A
nna, Simone e Jack fanno il loro ingresso nel Walhalla neoliberale, ad accoglierli trovano i loro familiari, madri, padri, fratelli, compagni, riuniti per infondere il coraggio necessario a superare la prova finale. Sulla balconata, il luogo della salvezza e infine della sconfitta, stanno appollaiati i concorrenti sconfitti in battaglia. Sono erinni o eumenidi, pronti a banchettare con le aspirazioni infrante dei finalisti che verranno eliminati per decretare il vincitore della quattordicesima edizione di MasterChef.

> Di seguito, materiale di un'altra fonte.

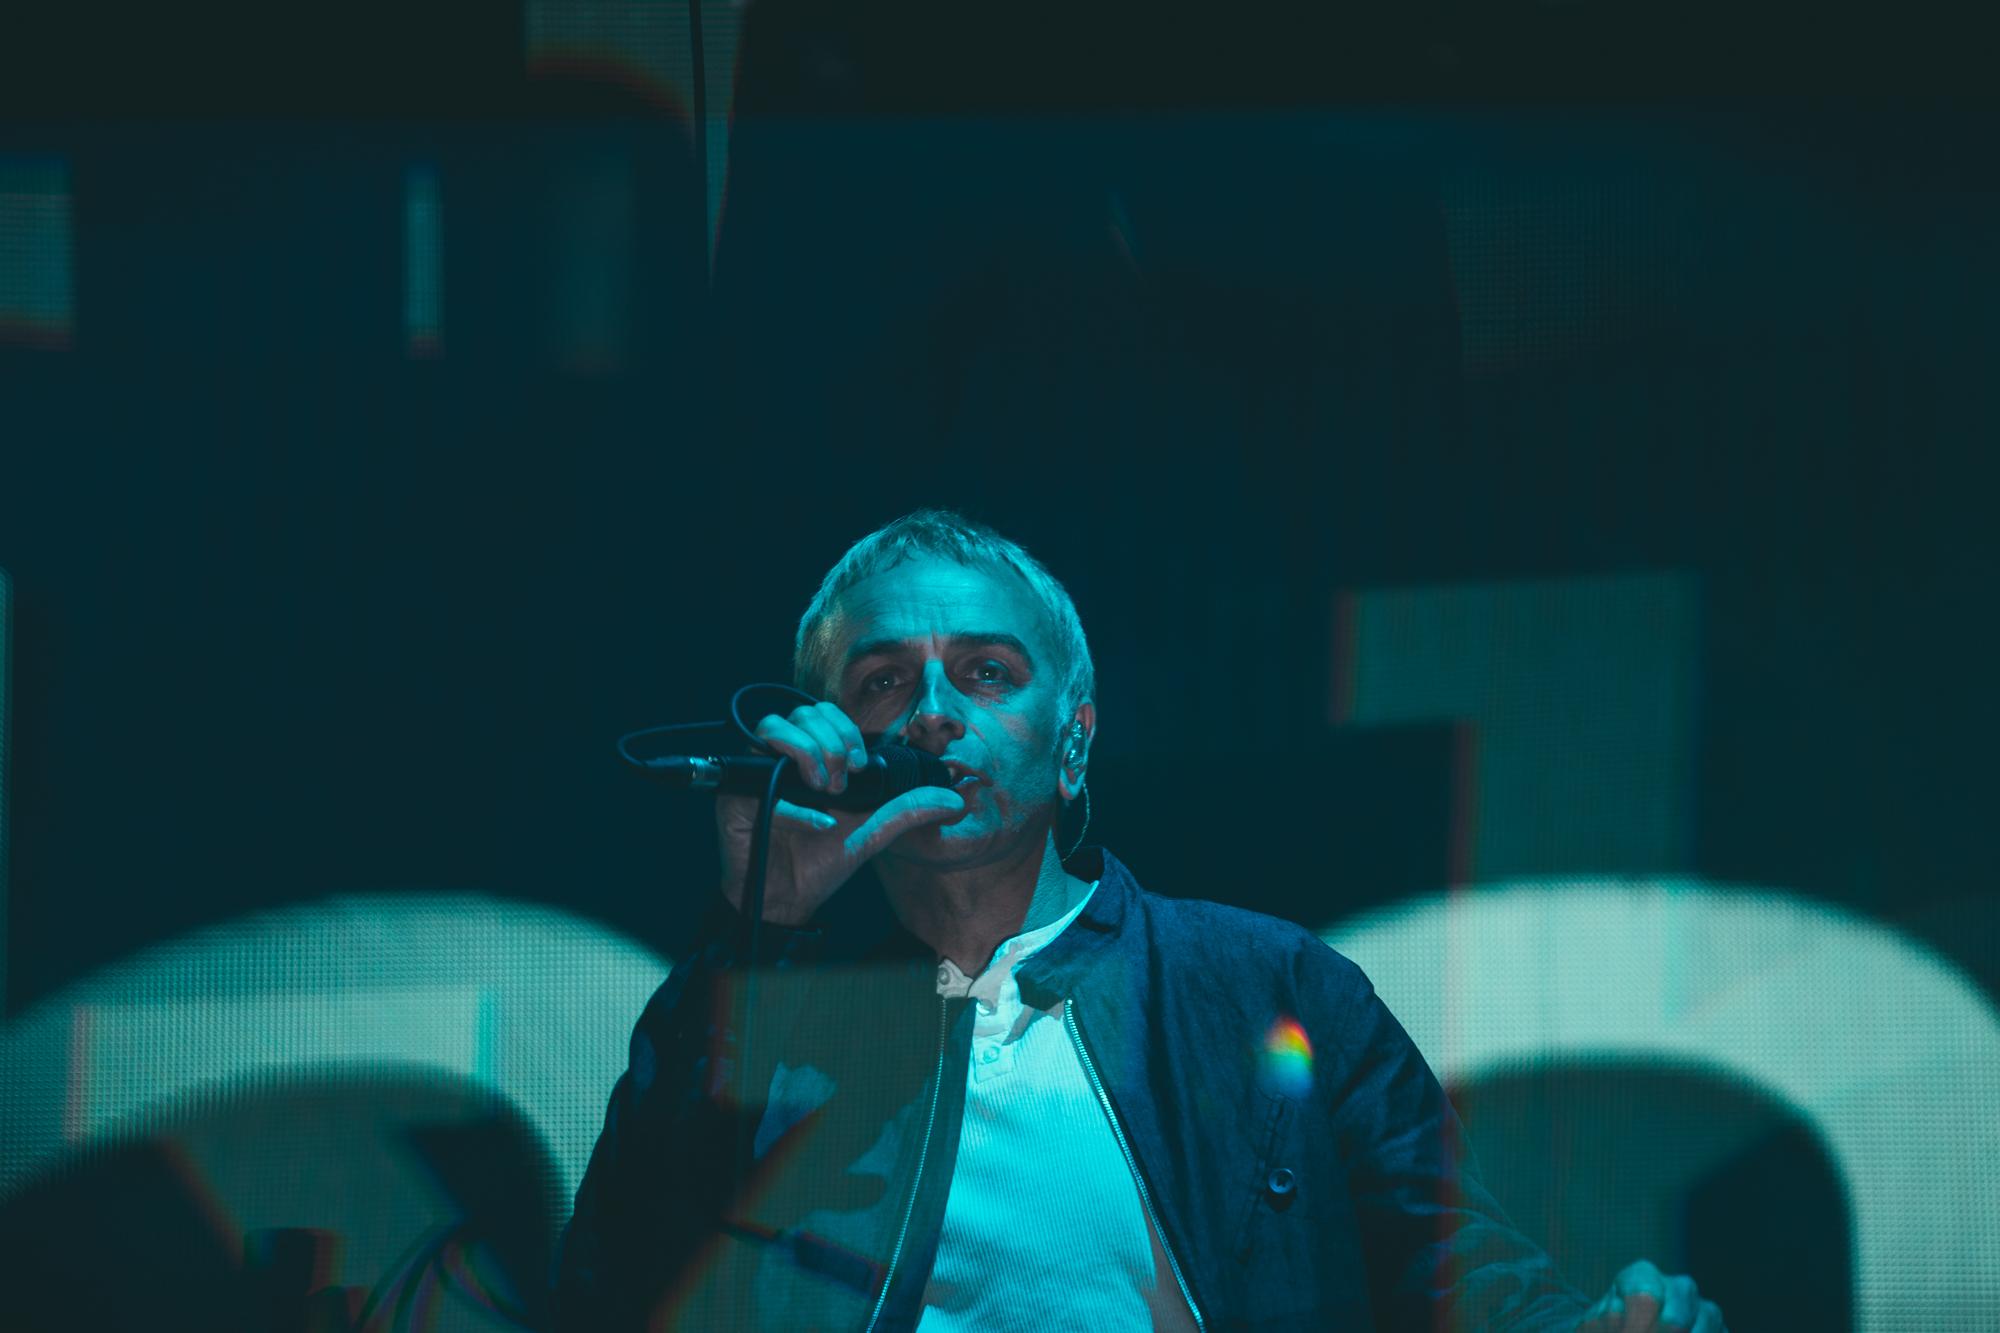 Underworld-Festival Ceremonia-Mexico-Foro Pegaso-04.02.2017-Daniel Patlan_Desde 1989 (2 of 21).jpg

Le tre postazioni dello scontro finale sono pronte a servire il quattordicesimo menù di una grande abbuffata che va avanti ininterrottamente da più di vent’anni, in varie parti del mondo. La triplice dea italica, gli chef Barbieri–Cannavacciuolo-Locatelli, è pronta a divorare l’ultimo fiotto energetico di questa edizione. La bicromia arancio e blu eleva l’arena fino in cielo; gli sprazzi di sole tendente al rosso, anticipazione del sangue che scorrerà, si fondono alla calma di Urano, l’azzurro del cielo, sfondo autoritario cesellato con le divise dei tre finalisti, bianche, di un candore che occulta la loro matrice sacrificale: sbianchite dall’eliminazione di altri diciassette “aspiranti chef”.

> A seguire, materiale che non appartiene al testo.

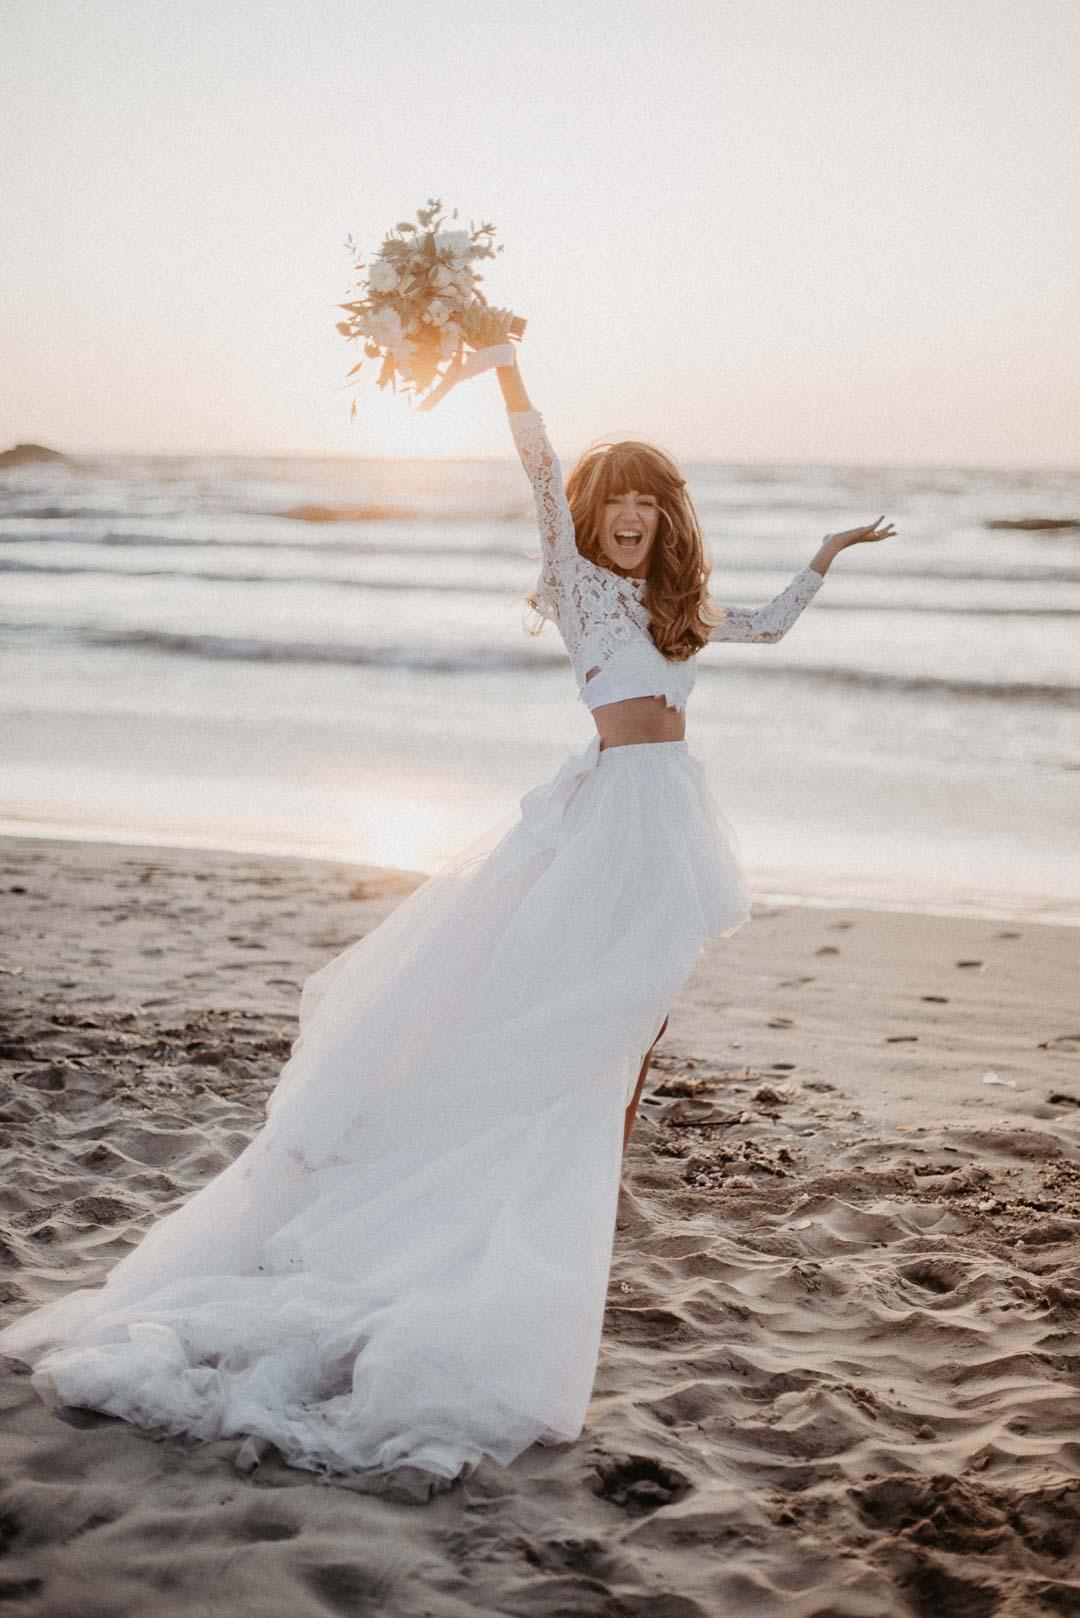 wedding-photographer-destination-fineart-bespoke-reportage-napoli-nabilah-vivianeizzo-spazio46-129

Il format televisivo di Sky illustra meglio di qualsiasi altro linguaggio codificato la materialità e verità del samsara vedico; in questo senso, il successo di MasterChef, è l’ennesimo segno di una forma circolare del nostro tempo, se vogliamo, un segno della persistenza del primitivo. La quattordicesima stagione di Masterchef Italia si è conclusa. Il pubblico ha ottenuto quello che desiderava: un senso perenne di déjà-vu, nessuna rivoluzione, solo un sapiente mix “di tradizione e innovazione”.
Il successo di format come MasterChef e la viralità di contenuti legati a cibo, sesso e animali non sono casuali, ma rispondono a una logica profonda che intreccia dimensione mitologica e algoritmica. Se MasterChef si fonda su un rituale antico – la preparazione del cibo come atto di creazione, giudizio e condivisione – la sua sopravvivenza nel panorama mediatico dipende dalla sua capacità di essere rimontato, spezzettato e trasformato in contenuti digitali. Se si vuole, la sua capacità di essere divorato, digerito ed espulso. Questa dinamica riflette una continuità tra il meccanismo ciclico della ripetizione mitologica e quello dell’ottimizzazione algoritmica del flusso di attenzione online.

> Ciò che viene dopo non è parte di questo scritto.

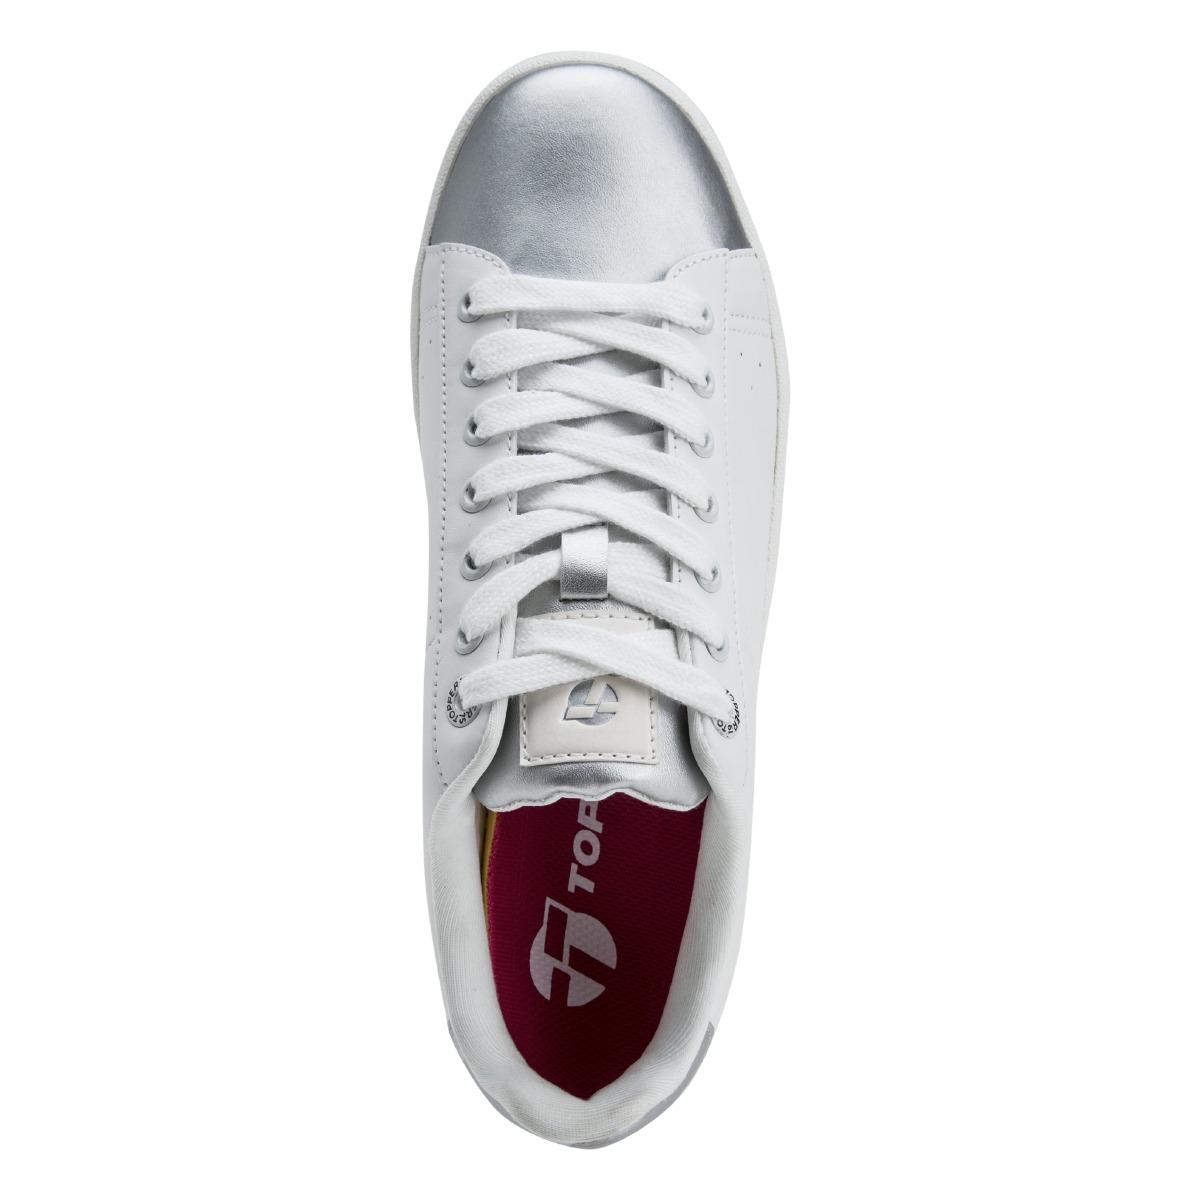 0df7c9a40f zapatillas topper candy remix mujer. Cargando zoom.

Il successo di format come MasterChef e la viralità di contenuti legati a cibo, sesso e animali non sono casuali, ma rispondono a una logica profonda che intreccia dimensione mitologica e algoritmica.
Cibo, sesso e animali – in particolare i gattini – sono tra i principali attrattori dell’ecosistema digitale perché attivano risposte emotive profonde e immediate, legate alla manducazione, alla riproduzione e alla cura, bisogni primari dell’essere umano. Ma il loro impatto non è solo istintivo: questi temi si prestano alla variazione continua, un principio chiave sia nella trasmissione mitologica sia nelle strategie dell’economia dell’attenzione. Ogni video di una ricetta o di un gattino, così come ogni puntata di MasterChef, pur ripetendo uno schema noto, introduce sempre una minima variazione che ne mantiene la freschezza e ne prolunga la circolazione. La viralità diventa quindi un fenomeno che combina archetipi narrativi e modelli computazionali, mostrando come il digitale non crei
ex novo nuovi miti, ma li riformatti secondo le logiche della piattaforma. D’altronde, il meme ha garantito una sopravvivenza al programma, al punto che, nella sua seconda vita sulle piattaforme digitali, l’oggetto di MasterChef è diventato MasterChef stesso, un continuo e sapiente rimasticamento del già noto, affinché un flusso costante di cibo, materia viva trasformata in materia morta, diventi carburante per la diffusione virale degli sponsor dietro lo show.
A ogni portata che viene poggiata sul bancone del giudizio, lo spettatore, educato a riconoscere la necessità di un impiattamento architettonico minimale, è pronto ad urlare “È un mappazzone!” qualora il piatto presentasse i segni di una volgare quotidianità.
Nonostante alcune novità, come la golden pin che garantisce l’immunità a chi la conquista, tra continui rimproveri, quasi sempre perché il sale è deficitario o perché la reazione di Maillard non è stata eseguita alla perfezione ‒ da notare un costante dispregio della bollitura, tecnica di cottura che viene costantemente associata al cibo delle mense e degli ospedali che ha la sventurata funzione di nutrire ‒ MasterChef continua a seguire la sua ricetta stellata: mistery box, esterne che valorizzano la biodiversità culturale italiana e pressure test che ricordano a tutti quanti, spettatori e concorrenti, che il nemico dell’uomo è da sempre il tempo, addomesticato solo dall’ordine e dalla disciplina.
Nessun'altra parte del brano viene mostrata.